The passage in Deuteronomy doesn’t include loving God with all our minds, but the gnostic notion about the body and the spirit comes into play here because our minds are the things that seem able to go with us when we die. But our minds are made up of our thoughts and feelings, so getting them to love whole-mindedly can be a challenge.

Lastly, there is all our strength. Quite honestly, this one is the hardest for me. Let’s think of it for a moment as physical strength. I’m a wimp. I used to be stronger than I am, but let’s say I can lift thirty pounds today. Tomorrow, I might be able to lift thirty-five… or fifteen. On a day that I an only lift fifteen, I’m lifting with all my strength, but it’s not as much strength as on the other day. And that person over there is lifting fifty pounds. How do I love with all my strength when all my strength is so pitifully small? How can I love with all my strength when yesterday or tomorrow I’ll be able to love with more strength.

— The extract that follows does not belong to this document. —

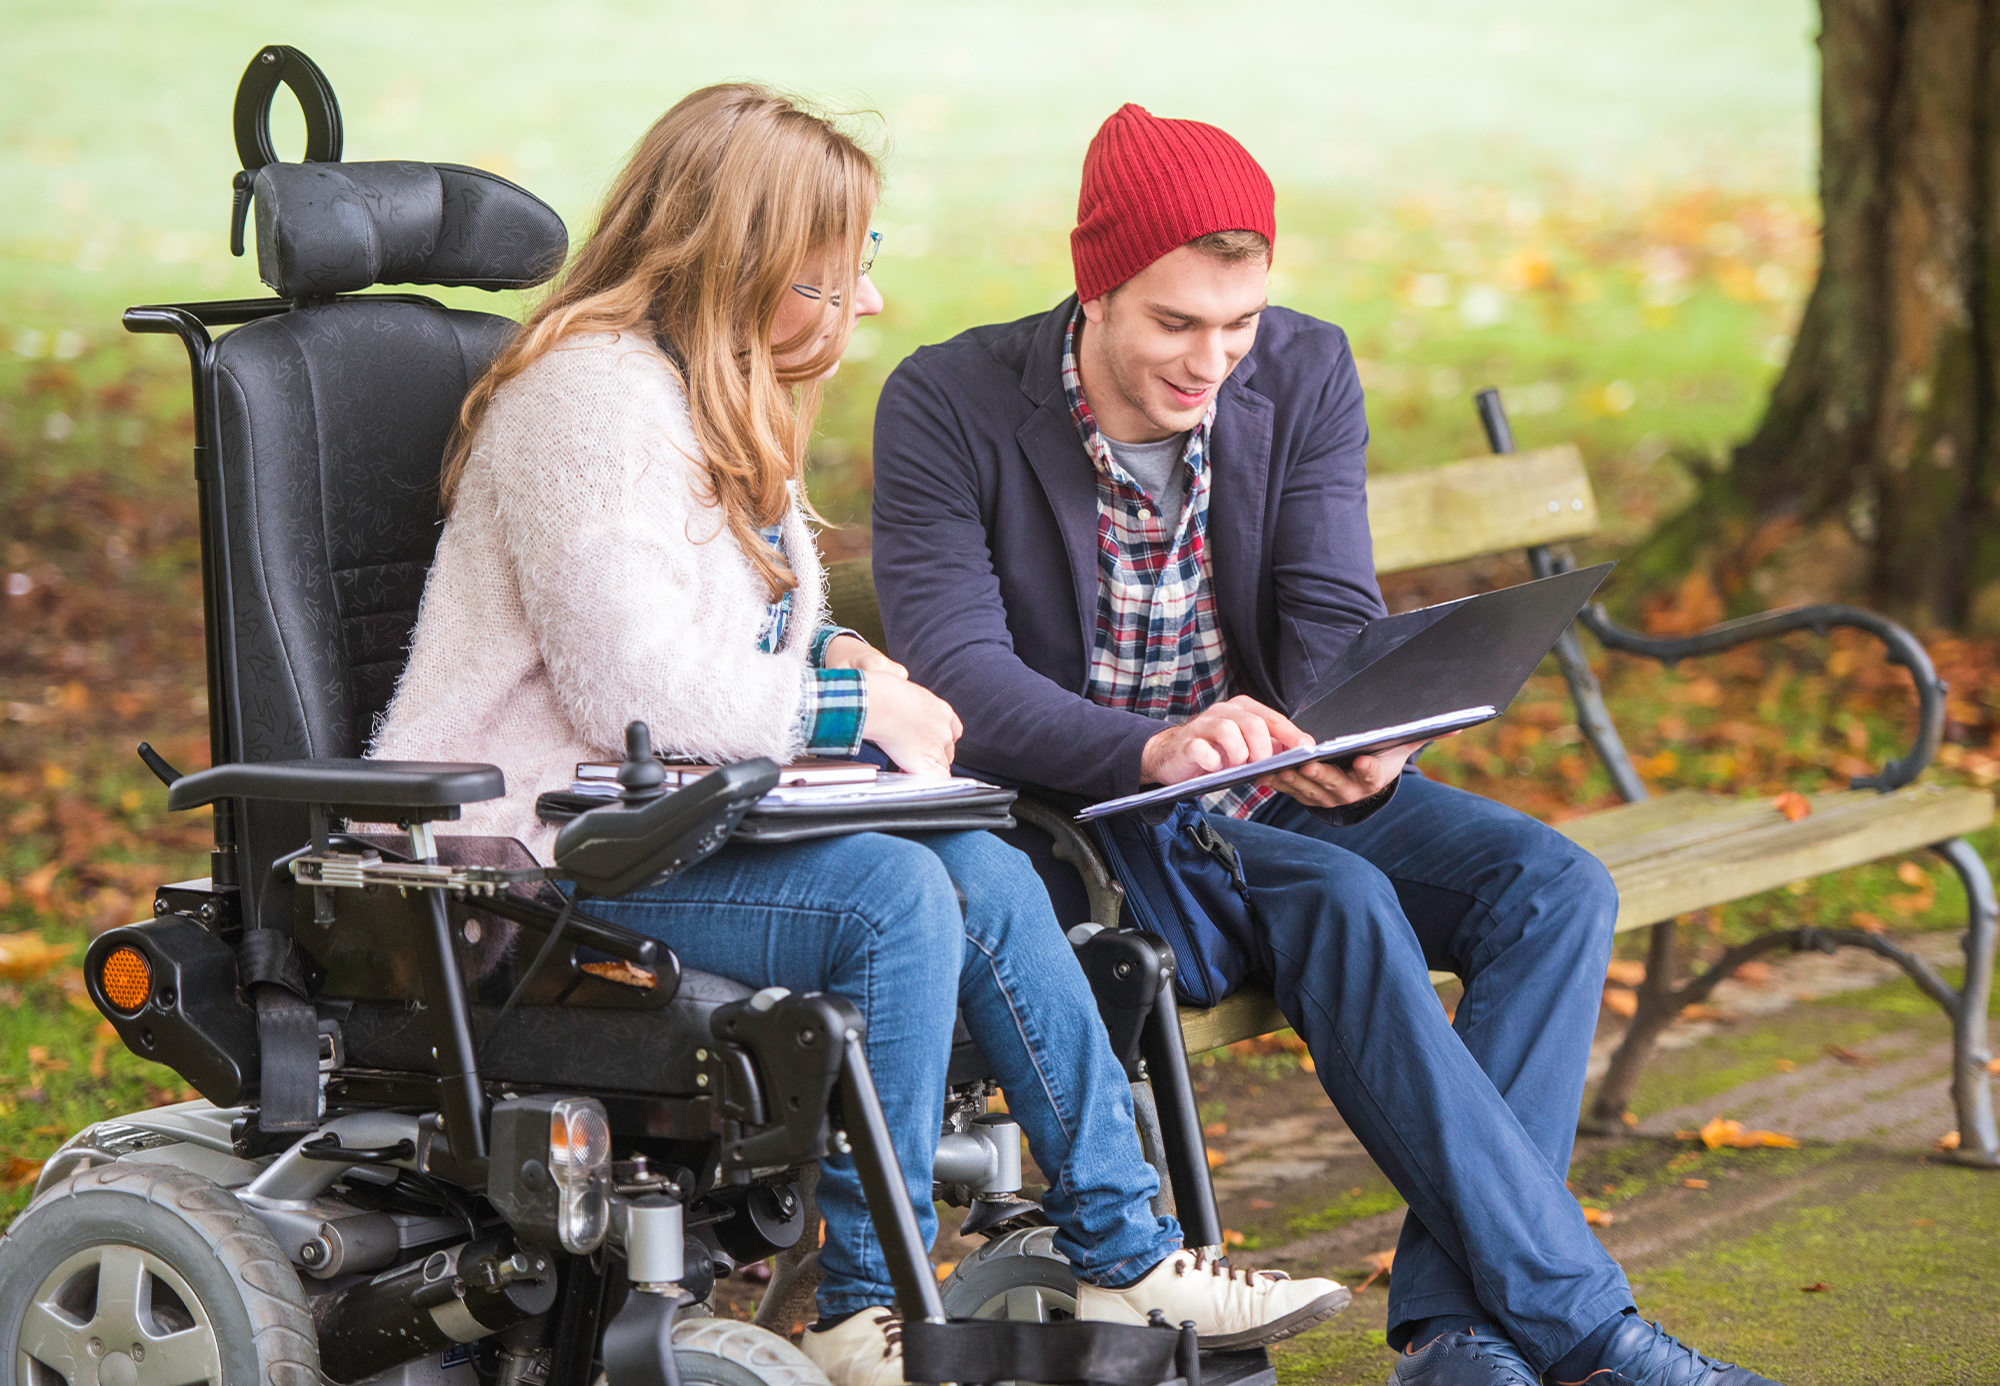 A disabled woman in a wheelchair beside her male carer looking at a filing, within a park

I am so pathetic – that’s the only conclusion to reach, right? Well, not exactly. If I only love at a “fifteen-pound” level today, and tomorrow, and the next day, perhaps by the following week, I’ll be able to love at a sixteen-pound level. And in each case, I’m loving with all my strength. Now, if I can love at a fifteen-pound level and only love at a six-pound level, then I’m not loving with all my strength. Realizing this has helped me with the others. The point isn’t some magical number.  It’s an honest effort. It’s loving with as much of our all as we can.